1983 IMO Problems/Problem 6

Revision as of 06:39, 22 May 2024 by Anhvu1801 (talk | contribs) (Solution 3)

Problem 6

Let $a$, $b$ and $c$ be the lengths of the sides of a triangle. Prove that

$a^2 b(a-b) + b^2 c(b-c) + c^2 a(c-a) \geq 0$.
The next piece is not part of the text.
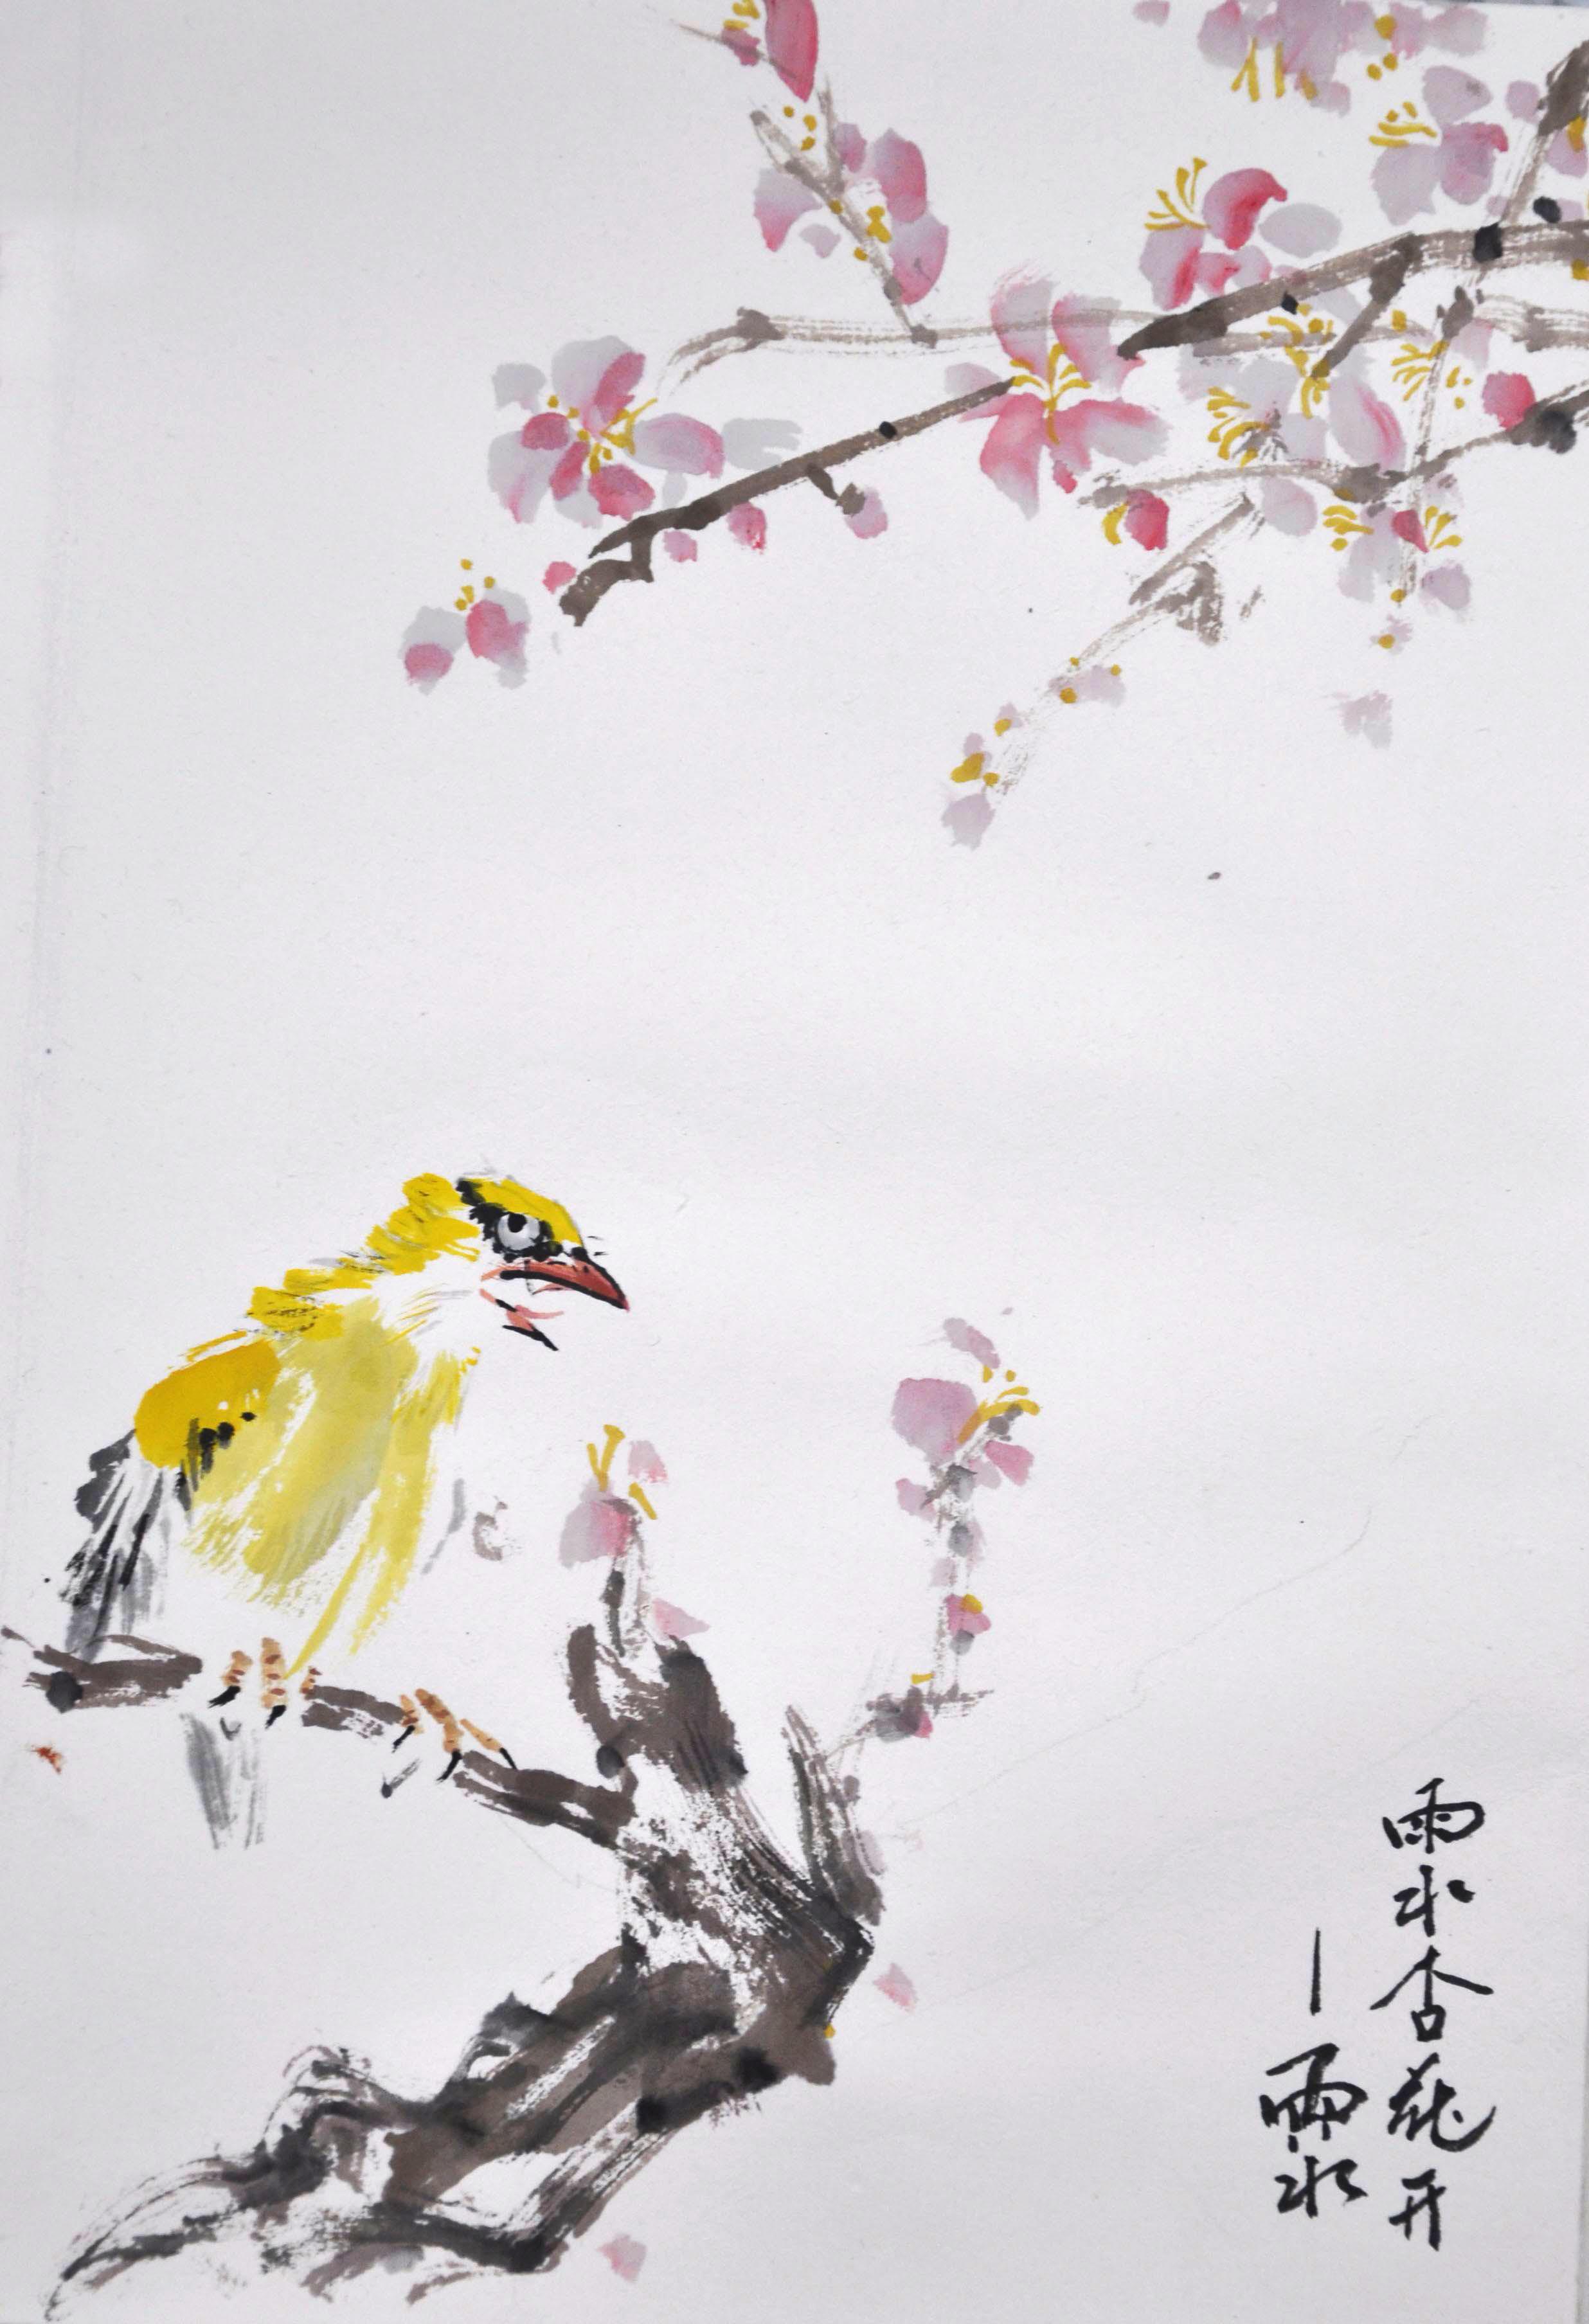 大学生村官孙志勇创作二十四节气水墨画图片

Determine when equality occurs.

Solution 1

By Ravi substitution, let $a = y+z$, $b = z+x$, $c = x+y$. Then, the triangle condition becomes $x, y, z > 0$. After some manipulation, the inequality becomes:

$xy^3 + yz^3 + zx^3 \geq xyz(x+y+z)$.

By Cauchy, we have:

$(xy^3 + yz^3 + zx^3)(z+x+y) \geq xyz(y+z+x)^2$ with equality if and only if $\frac{xy^3}{z} = \frac{yz^3}{x} =\frac{zx^3}{y}$. So the inequality holds with equality if and only if x = y = z. Thus the original inequality has equality if and only if the triangle is equilateral.

Solution 2

Without loss of generality, let $a \geq b \geq c > 0$. By Muirhead or by AM-GM, we see that $a^3 b + a^3 c + b^3 c + b^3 a + c^3 a + c^3 b \geq 2(a^2 b^2 + a^2 c^2 + b^2 c^2)$.
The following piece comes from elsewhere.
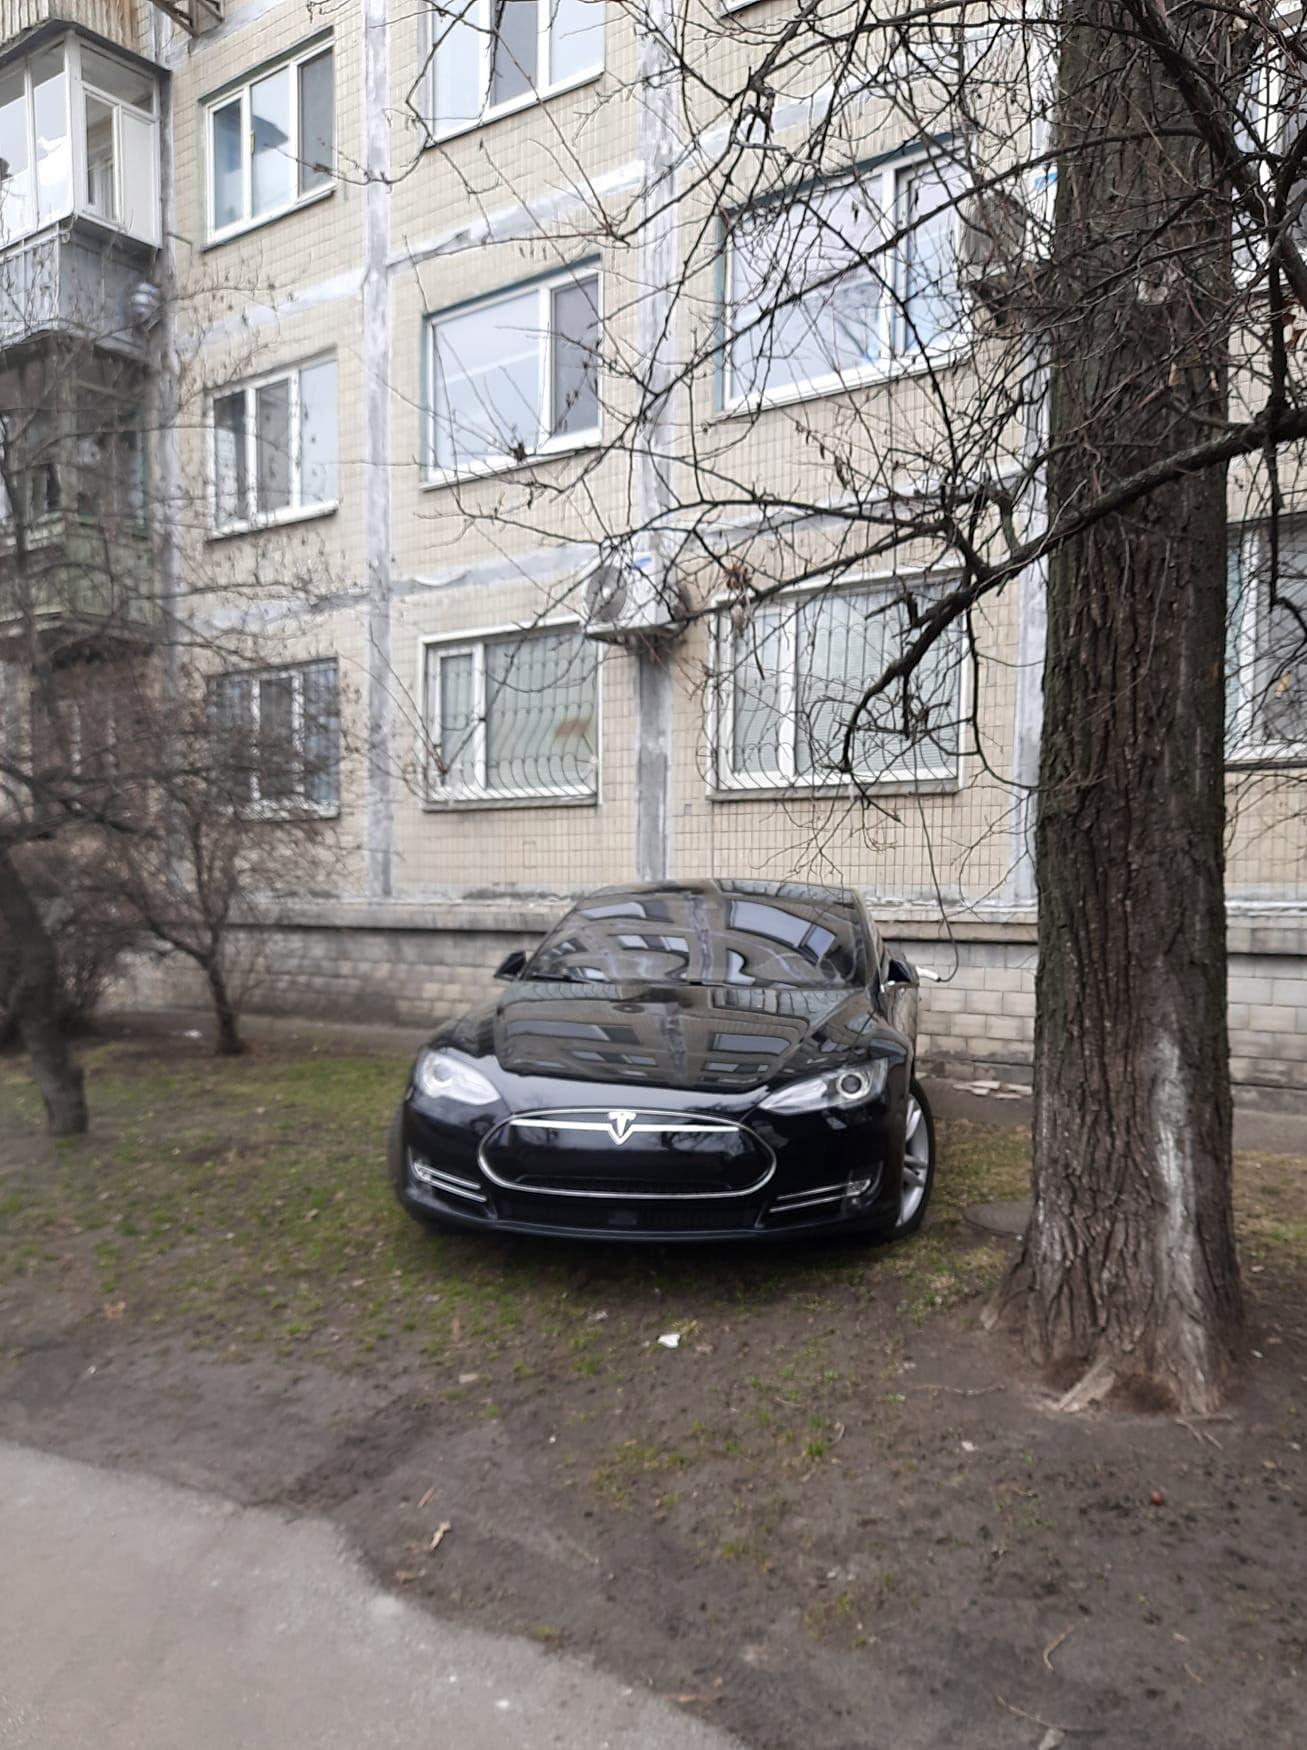 Автомобіль, припаркований перед будівлею

If we can show that $a^3 b + b^3 c+ c^3 a  \geq a^3 c +  b^3 a + c^3 b$, we are done, since then $2(a^3 b + b^3 c+ c^3 a ) \geq a^3 b + a^3 c + b^3 c + b^3 a + c^3 a + c^3 b \geq 2(a^2 b^2 + a^2 c^2 + b^2 c^2)$, and we can divide by $2$.

We first see that, $(a^2 + ac + c^2) \geq (b^2 + bc + c^2)$, so $(a-c)(b-c)(a^2 + ac + c^2) \geq (a-c)(b-c)(b^2 + bc + c^2)$.

Factoring, this becomes $(a^3 - c^3)(b-c) \geq (a-c)(b^3 - c^3)$. This is the same as:

$(a^3 - c^3)(b-c) + (b^3 - c^3)(c-a) \geq 0$.

Expanding and refactoring, this is equal to $a^3 (b-c) + b^3(c-a) + c^3 (a-b) \geq 0$. (This step makes more sense going backwards.)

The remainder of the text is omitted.